All three of Park’s revenge movies have a certain degree of cinematic daring, but arguably, “Mr. Vengeance” has more than any of them. Because of the nature of his main character (Ryu, played by Ha-kyun Shin), Park uses silence and images to tell his story more than words, and it’s powerfully effective. Some of the most ingenious shots show Ryu and his sister (Ji-Eun Lim) next to one another on the bed in their apartment. They are both looking towards the camera, and the sister is talking. How is Ryu understanding? There is actually a mirror in front of them, and the masterful part is how Park doesn’t call attention to it; we just come to accept it as part of the character’s reality.

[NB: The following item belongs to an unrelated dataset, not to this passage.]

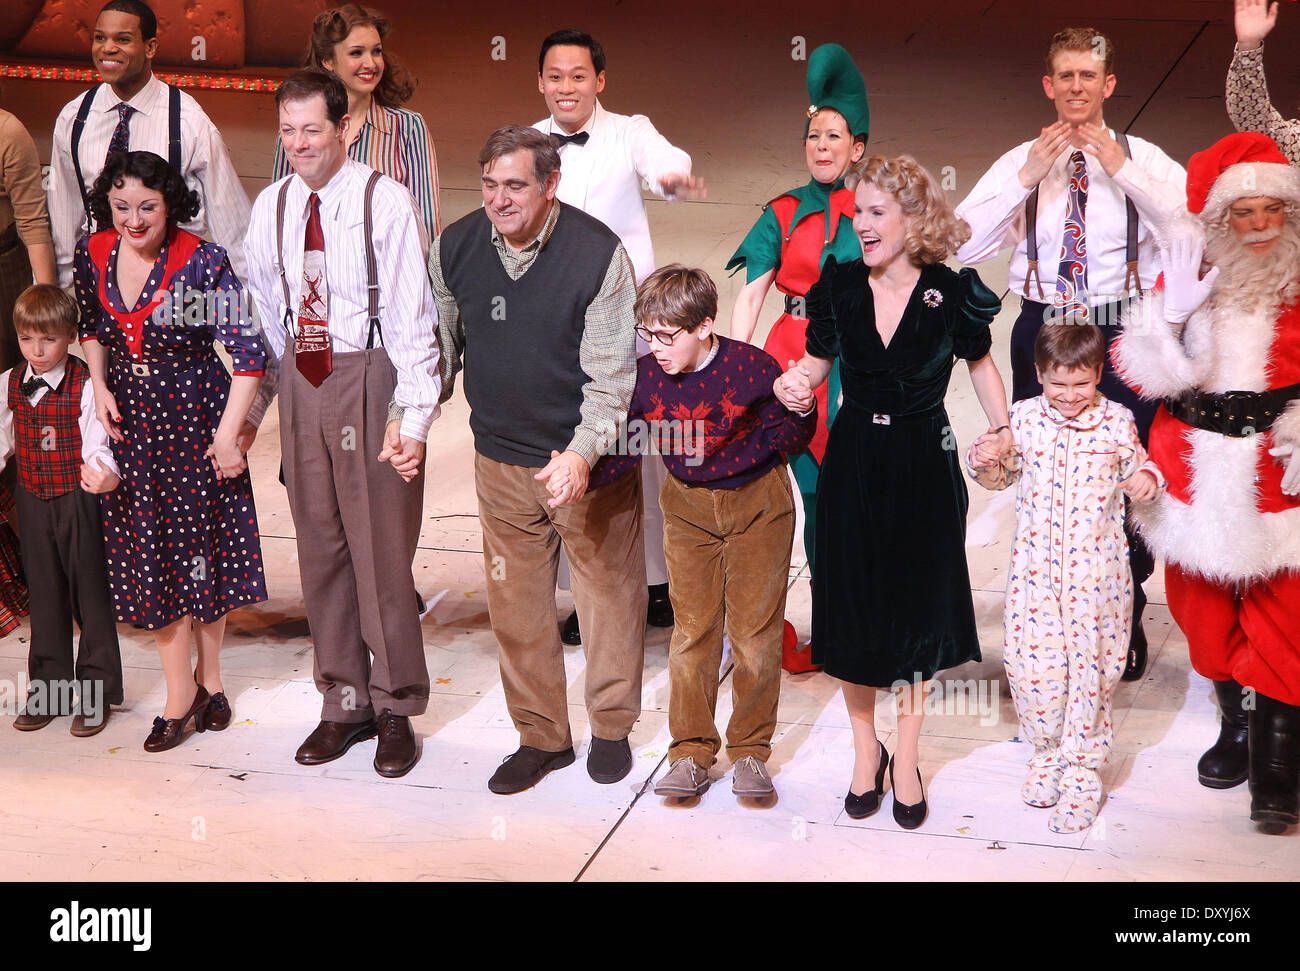 The premiere of 'A Christmas Story The Musical’ at the Lunt-Fontanne Theatre – Curtain Featuring: Caroline O’Connor,John Bolton,Dan Lauria,Johnny Rabe,Erin Dilly,Zac Ballard,Cast Where: New York City USA When: 19 Nov 2012 Stock Photo

It’s the twisted narrative daring that Park displays in this film, however, that makes the sudden impact he’s had on cinema in the past decade all the more logical. (Spoilers to follow.) After the initial demand for ransom from the father, things spiral, destructively, out of control. Ryu’s sister kills herself and, while Ryu is burying her by a river they played at when they were kids, the daughter accidentally drowns. Now, both Ryu and the father have lost those they care about most, setting up the final hour of the film, in which we are forced to have compassion not just for the father who has lost his daughter, but the brother who has lost his sister. We want the pain to go away for both, and that both find themselves victims of tragic circumstance. Neither deserves to go through what they are experiencing, but because of an unfortunate mistake, we know peace will be almost impossible for both of them.

Watching the film for the first time in several years, I forgot how difficult it was to distinguish Ryu’s sister with his girlfriend (played by Doona Bae, who was in last year’s “Cloud Atlas”), so, when the girlfriend showed up after the sister dies, I was surprisied. That said, it’s Park’s unsettling storytelling (a hallmark of not just his revenge trilogy, but also his haunting vampire thriller, “Thirst,” and the segment he directed in “3 Extremes”) that have made him one of the most popular filmmakers in world cinema for geeks everywhere. This month, he brings his blend of mirth and the macabre to his first American feature, “Stoker,” and needless to say, I’m intrigued to see in Hollywood lets him work his uncompromising magic.